Print, please, exactly the lines from the one with "8 Butt-Kicking Burpees" through the final line of the data below, with both ends included and the pictures left out.

◆ DATA PROVIDED:

Start of Block

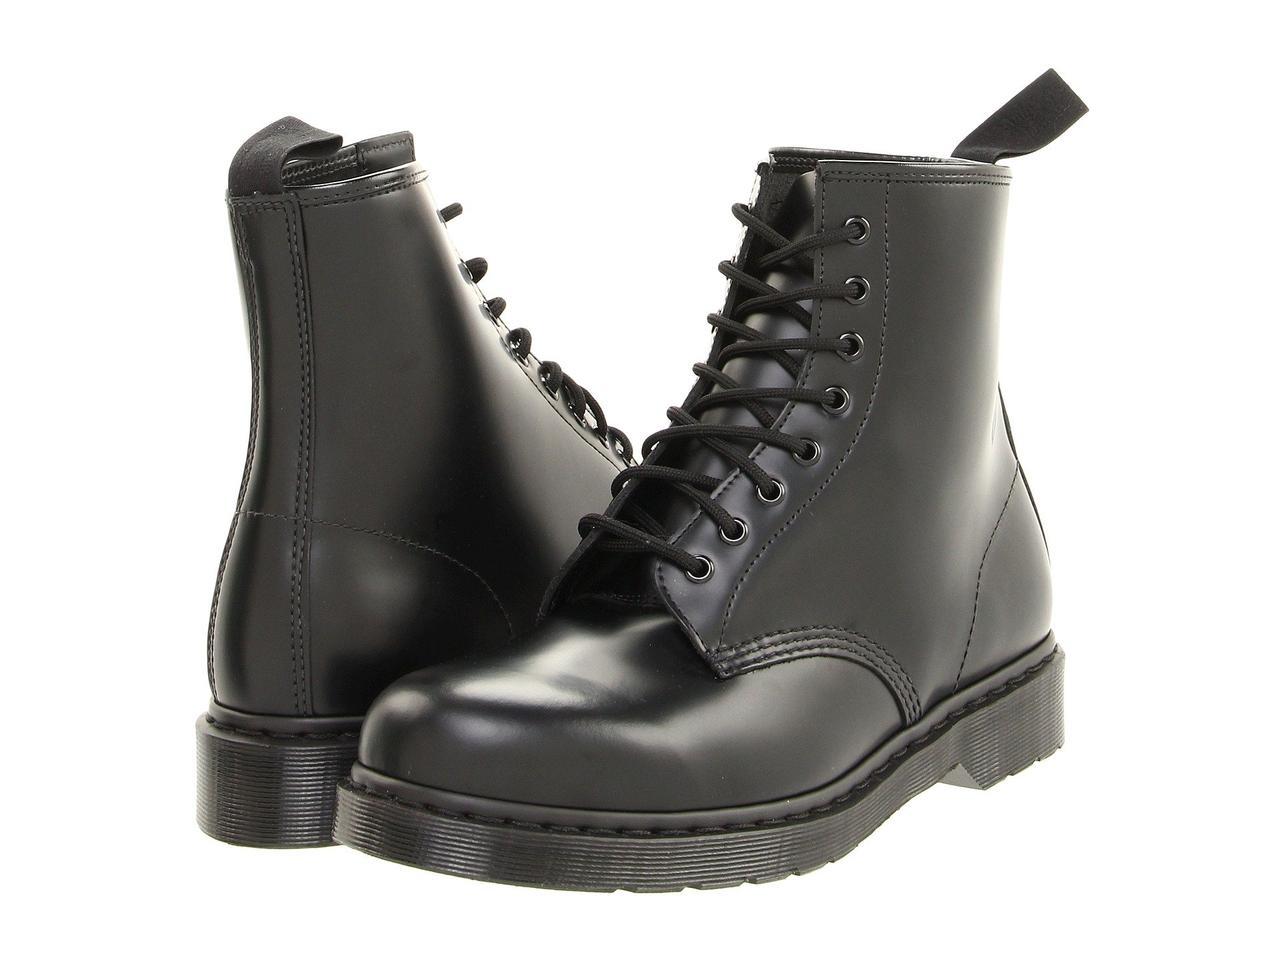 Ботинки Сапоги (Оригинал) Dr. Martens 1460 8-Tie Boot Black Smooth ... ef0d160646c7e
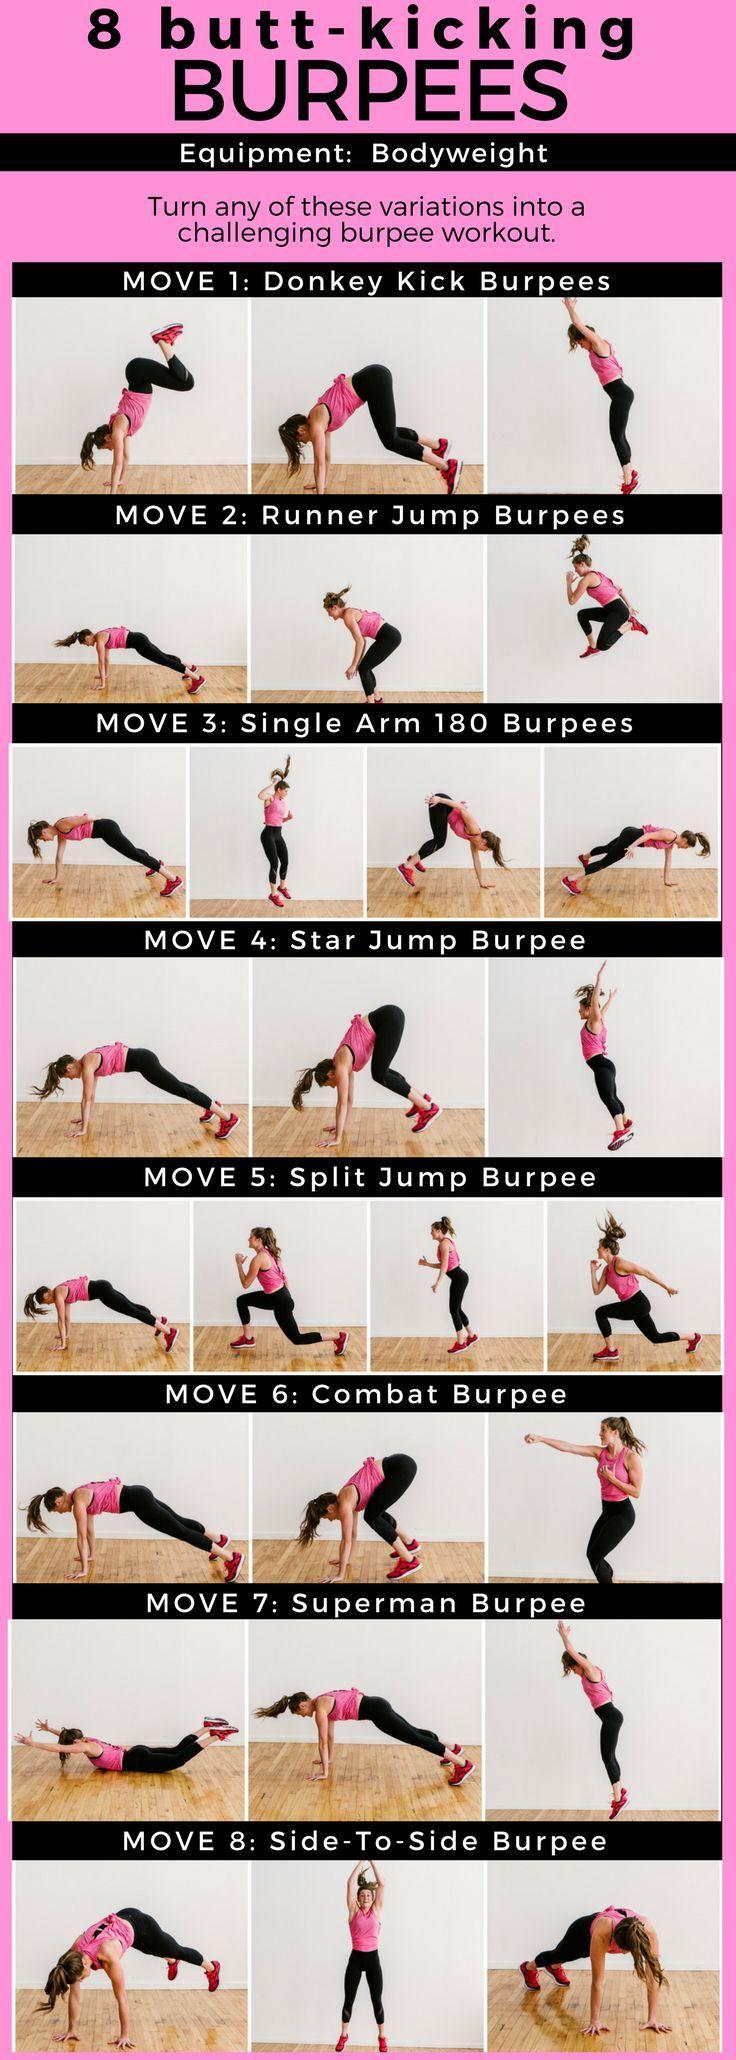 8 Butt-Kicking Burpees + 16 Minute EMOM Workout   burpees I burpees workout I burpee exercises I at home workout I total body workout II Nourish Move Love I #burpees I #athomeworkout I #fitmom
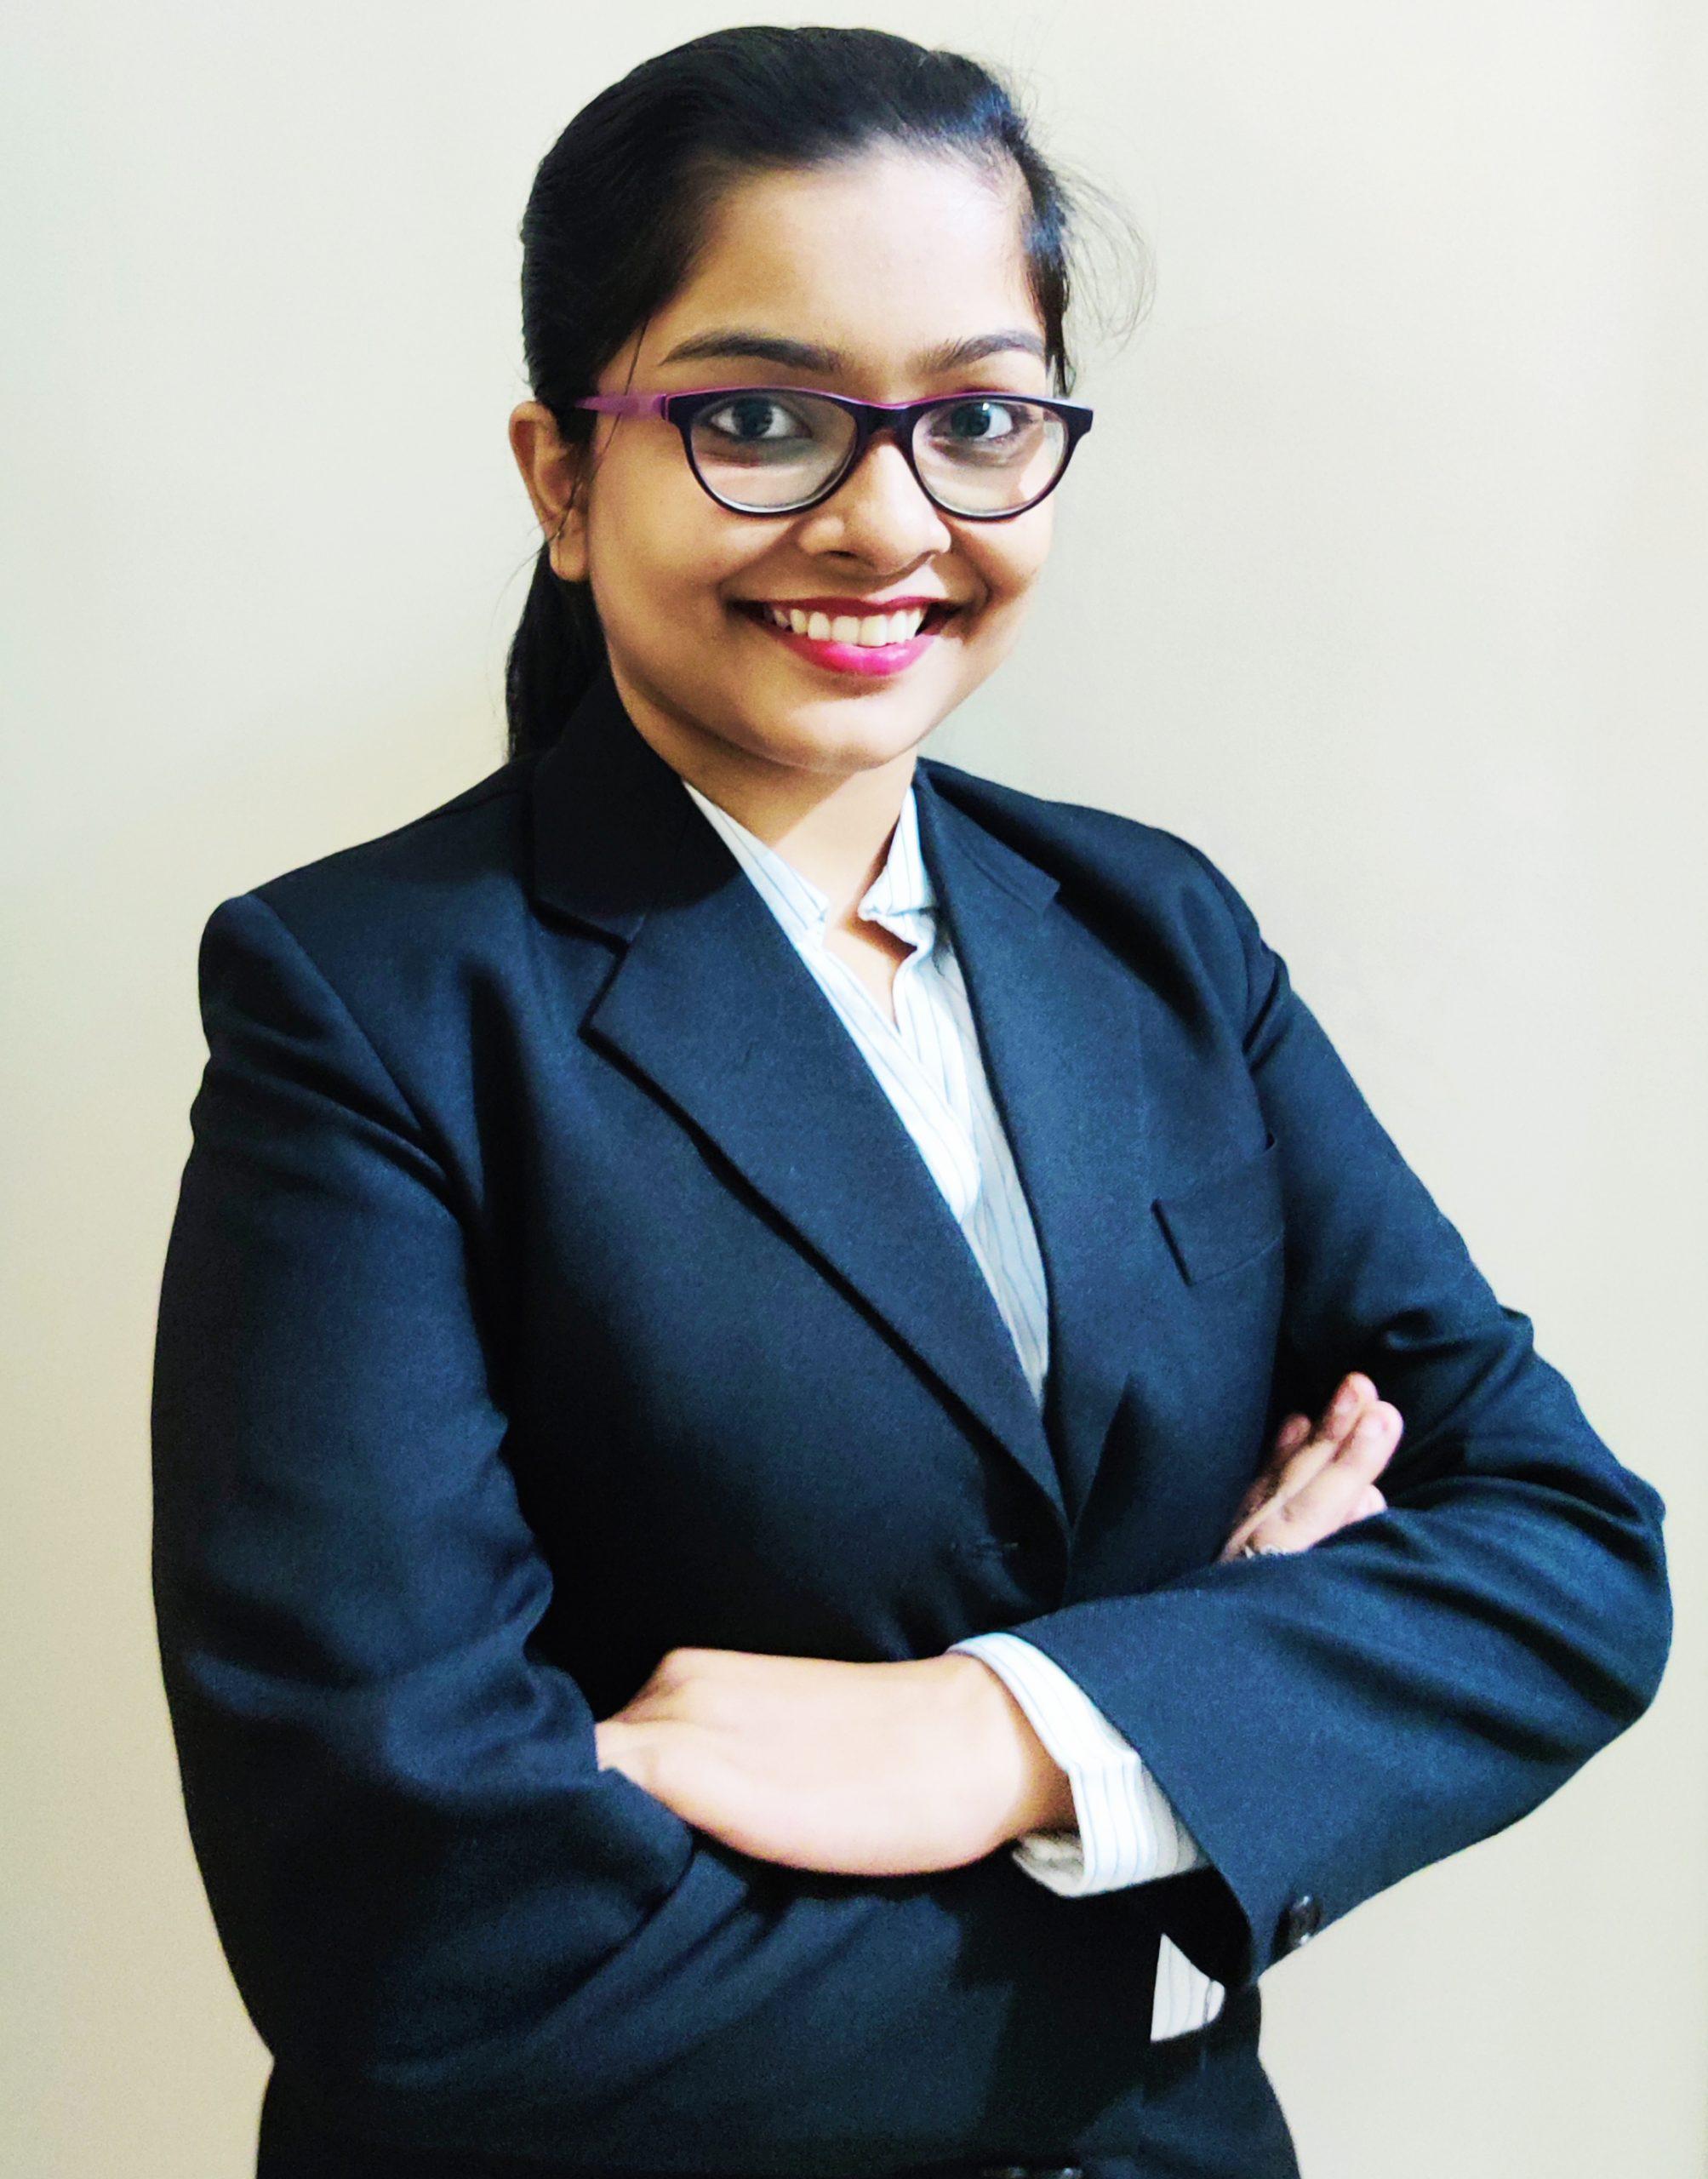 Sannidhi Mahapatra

End of Block

◆ SOLUTION FOR THIS TASK:
 8 Butt-Kicking Burpees + 16 Minute EMOM Workout   burpees I burpees workout I burpee exercises I at home workout I total body workout II Nourish Move Love I #burpees I #athomeworkout I #fitmom
 Sannidhi Mahapatra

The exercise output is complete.